Australian beer brewer Foster’s has confirmed it withheld supplies of top-selling brands in February and early March after learning Coles and Woolworths were planning to sell beer for as little as $28 a carton.

 

The supermarket giants infuriated Foster’s when it heard of the plan, with the beer giant retaliating by cutting supply of key beer brands including Victoria Bitter, Carlton Draught and Pure Blonde.

 

A Foster’s spokesperson says the company referred to section 98 of the Trade Practices Act, covering loss-leading behaviour, whereby a product is sold at a loss to attract customers who might then purchase other profitable products.

 

“Under the consumer competition law, there is a right for manufacturers to withdraw supply where a retailer is selling their product below their cost for the purpose of loss-leading,” the spokesperson says.

 

Coles is yet to comment on Foster’s claims about loss-leading behaviour, but Woolworths has denied it is engaging in a beer battle with Coles.

 

Woolworths claims Foster’s pulled products from various liquor retailers, arguing the move was mainly driven by the pricing of independent stores.

 

“The whole market is very competitive when it comes to beer.
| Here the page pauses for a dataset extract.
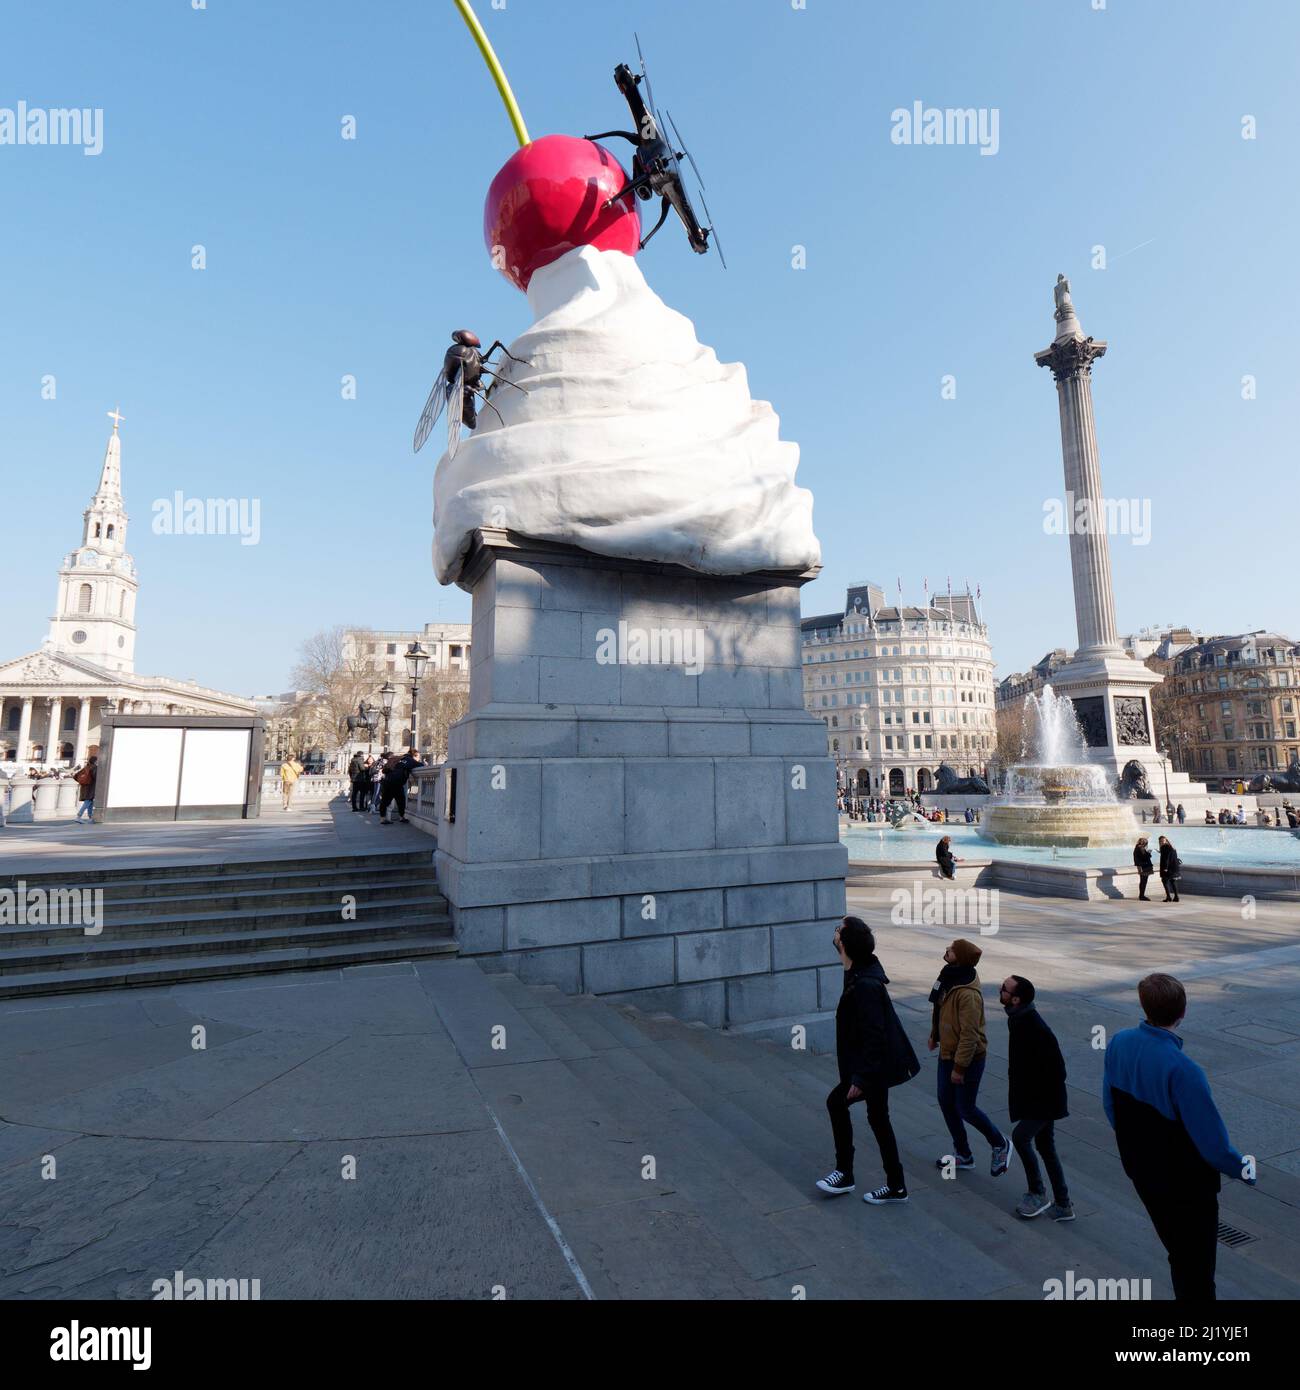 Londres, Grand Londres, Angleterre, 08 mars 2022 : les touristes ont un regard sur Trafalgar Square quatrième Plinth d'une sculpture de crème fouettée, de cerise et de mouche. Banque D'Images

We’ve responded to the pricing of some independent retailers as much as other chains,” a company spokesperson says.

 
“This is something that has applied to all liquor retailers, whether it’s a chain or independent.”

 

Independent senator Nick Xenophon – a vocal opponent of Coles’ and Woolworths’ market power – supports Foster’s action.

 

Xenophon says Foster’s “did the right thing” and is urging the Australian Competition and Consumer Commission to take action to outlaw below-cost pricing.

 

Frank Zumbo, an associate professor at the University of New South Wales, says it is a “brave move” by Foster’s to protect competition in the market.

 

“When you’ve got players like Coles and Woolworths, if they engage in below-cost pricing, that distorts the market,” Zumbo says.

 

“That’s bad for consumers over time because that below-cost pricing is used as a tactic to drive out independents.”

 

An ACCC spokesperson says while below-cost pricing isn’t illegal, resale price maintenance is.

 

Resale price maintenance occurs when suppliers prevent independent retailers from advertising or selling products below a specified price.

 

“Businesses must allow independent distributors of their products the freedom to determine the prices at which they sell,” she says.

 

“If retailers suspect a wholesaler of engaging in resale price management, they should report it to the ACCC and say, ‘This supplier is telling me I can’t sell X below this price’. Obviously, you’d need to have evidence of it and then we would look at it.”